Perhaps you can think of a few changes in your organization or life that did not create value. If you’ve raised teenagers you know this well. Or perhaps you’ve had a new leader who initiated changes that made things worse.

I’m not sure why we shy away from the word value. Perhaps it’s because it’s easier to focus on differences instead, or we got tired of the word preferring the more dramatic “impact” - which even sounds like what it is.

Some people were meant to create value for the world.

If this is you, are you being intentional and methodical doing it?

Or do you leave it to feelings and chance, making it up as you go?

Uncommon and commendable

Do you know what is uncommon and commendable?

Being successful and yet investing genuine intent, time and resources toward creating more value.  

As progress toward your definition of success increases, the desire for achieving different outcomes can decline.  Success is often observed as the biggest barrier to change.  If you're making the numbers, the growth and money are good - why fix what isn't broken?

But markets shift, consumer attitudes adjust, competitors arise and gradually the market conditions are not the same. Remember how cool flip phones were?  Or how fun it was to be on Facebook for the first time connecting with people you hadn't seen in years?  Or ordering the new iPhone?

What keeps you dedicated to creating more value in spite of you or your organization's success?

Working in is different than working on

It is easier to work in your organization - than it is to work on it.

The daily flow of operations, the never ending to-do list, the frequent meetings, can be frenetic and crazy, but also expected and familiar. And in that sense a routine of comfort.

Organizations are like people, they need to learn and grow too. If it isn’t changing and improving how it works —it’s falling behind. Customer attitudes are adjusting and technology is changing —both driving shifts in categories and markets.

Not everyone likes to work on the organization, nor is it a task fit for anyone —it’s different. It’s less tangible…harder to see immediate results.

Working on the organization usually leads you to a path of change, making you face the daunting task of getting co-workers to unlearn the existing habits and adopt new ones.

Finally, success usually breeds resistance. Desire to work on the organization usually decreases as success working in the organization increases. But find an organization with long-term sustained success and you’ll find a dedication to working on the business.

If you’re not working on your organization, how can you expect working in to improve?

Linking your craft

There’s a way to get really good at your craft. Focus and deliberate practice.
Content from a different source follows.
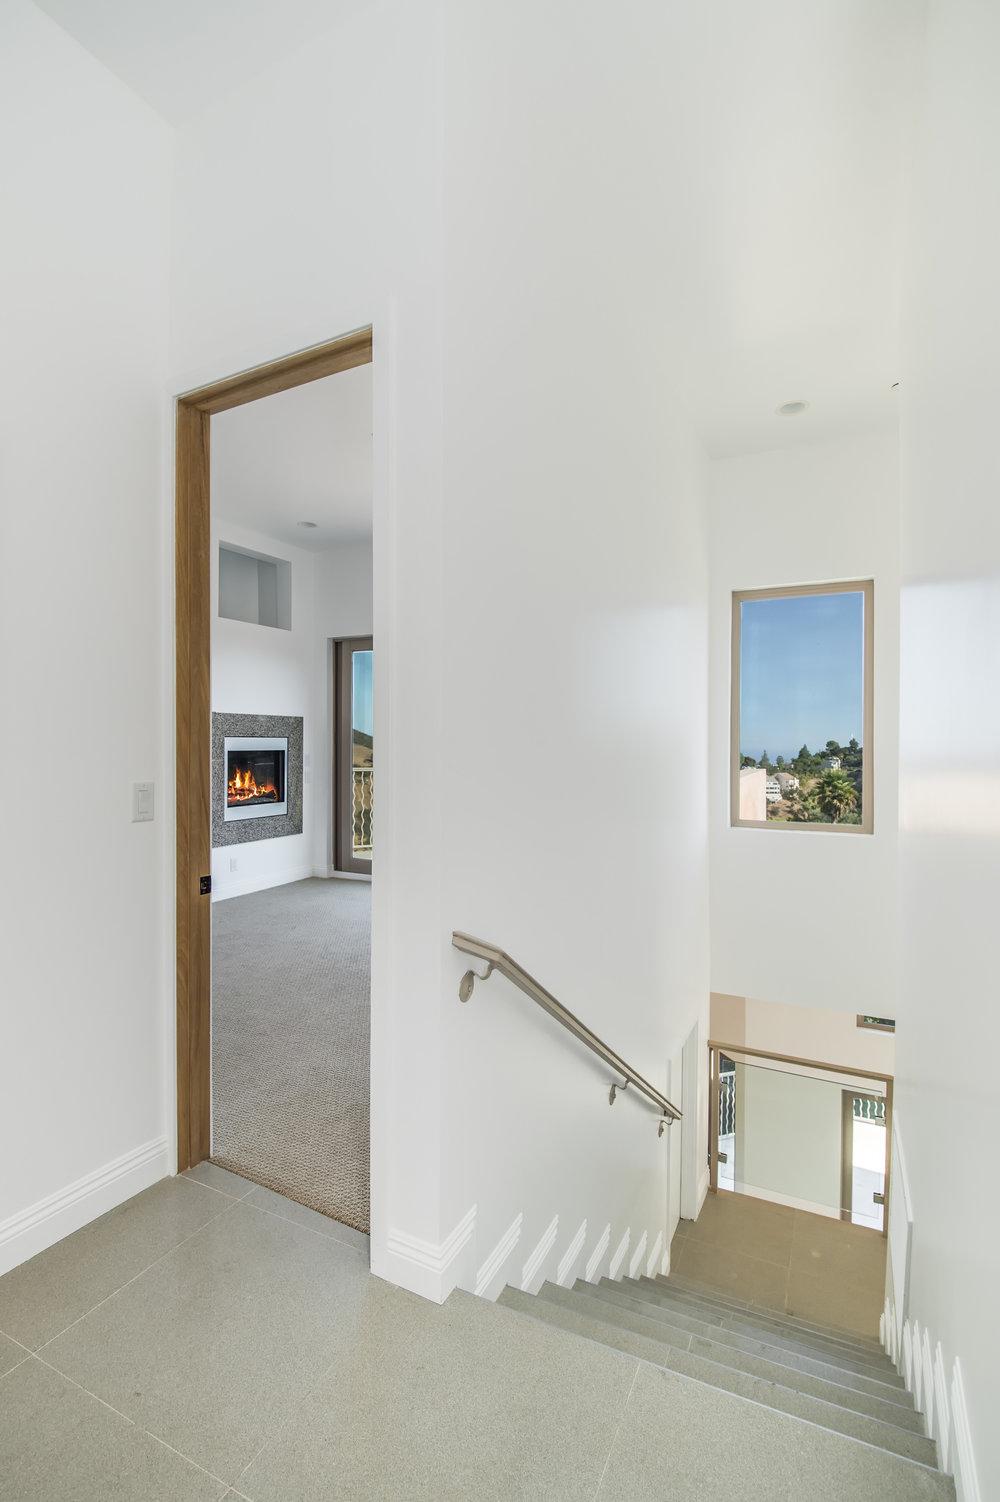 015 stairs 27126 Carrita Road Malibu For Sale Lease The Malibu Life Team Luxury Real Estate.jpg

But if all you focus on is getting good at your craft, it’s easy to lose sight of how to sell it. And by sell we don’t mean smarmy-pushy sell. We mean an evidence-based way of enabling others to use your craft at achieving their goals.

It’s one thing to be good at your craft. It’s entirely another to be good at showing others how to use it for their own value.
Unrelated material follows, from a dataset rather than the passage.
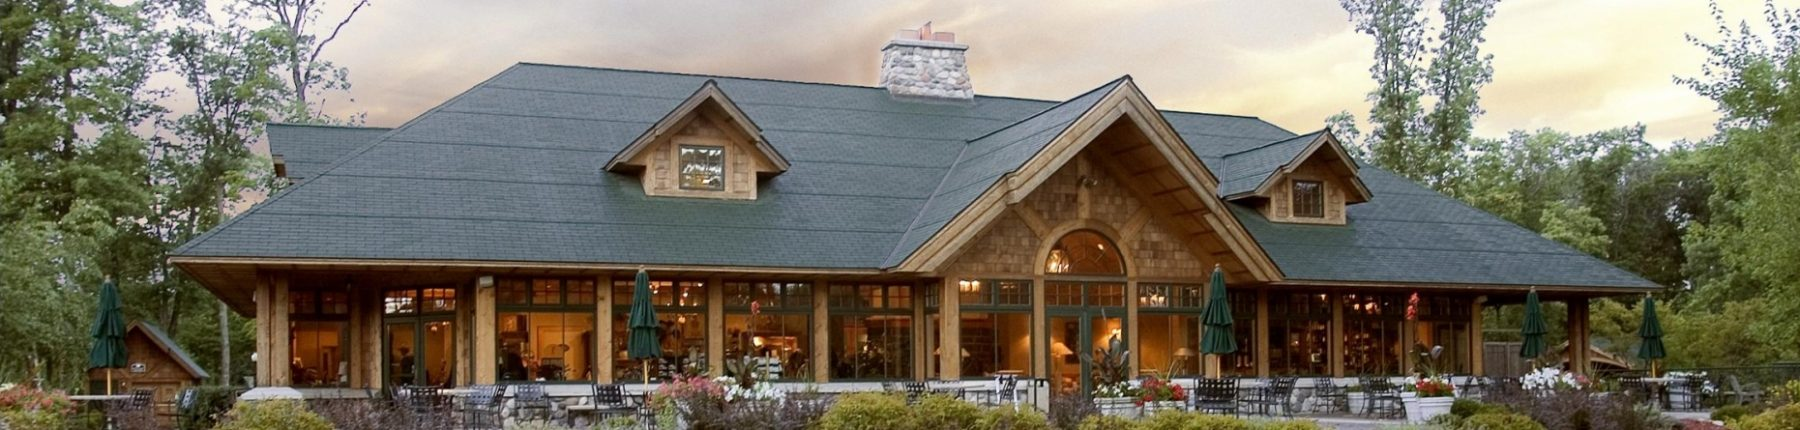 Classic Grill at Madden's - restaurants in Brainerd MN

How much do you practice linking your craft to the goals of other people?

Not easy, but simple

I’ve always enjoyed a good puzzle.  Hard at first.  Easy once you know the solution.

Perhaps that’s what drew Erno Rubik to them.  He created the brilliant Rubik’s cube. He created an object that was not supposed to be possible. His solid cube twisted and turned - and still it did not break or fall apart.

But once you know the solution, it’s absurdly simple.  Only 20 moves.

Shifting the culture of an organization can be like a good puzzle too…seemingly impossible to solve, but when you know the path, the difficulty goes down. 

Way down.

The law of options

Your customers always have options.

Even if you believe no one else in the market is close to competing with you.

Even if you believe your offer is unique.

For example, one option for your customer is to do nothing. Make no change. Keep the status quo.

Another option is to choose a less-than competitor. Or create a makeshift solution inspired by your solution.

It’s easy to see why many try to disregard this law of options in the value creation process.

Disregarding it puts the creator in control, not the customer. And for many egos, control is too hard to resist.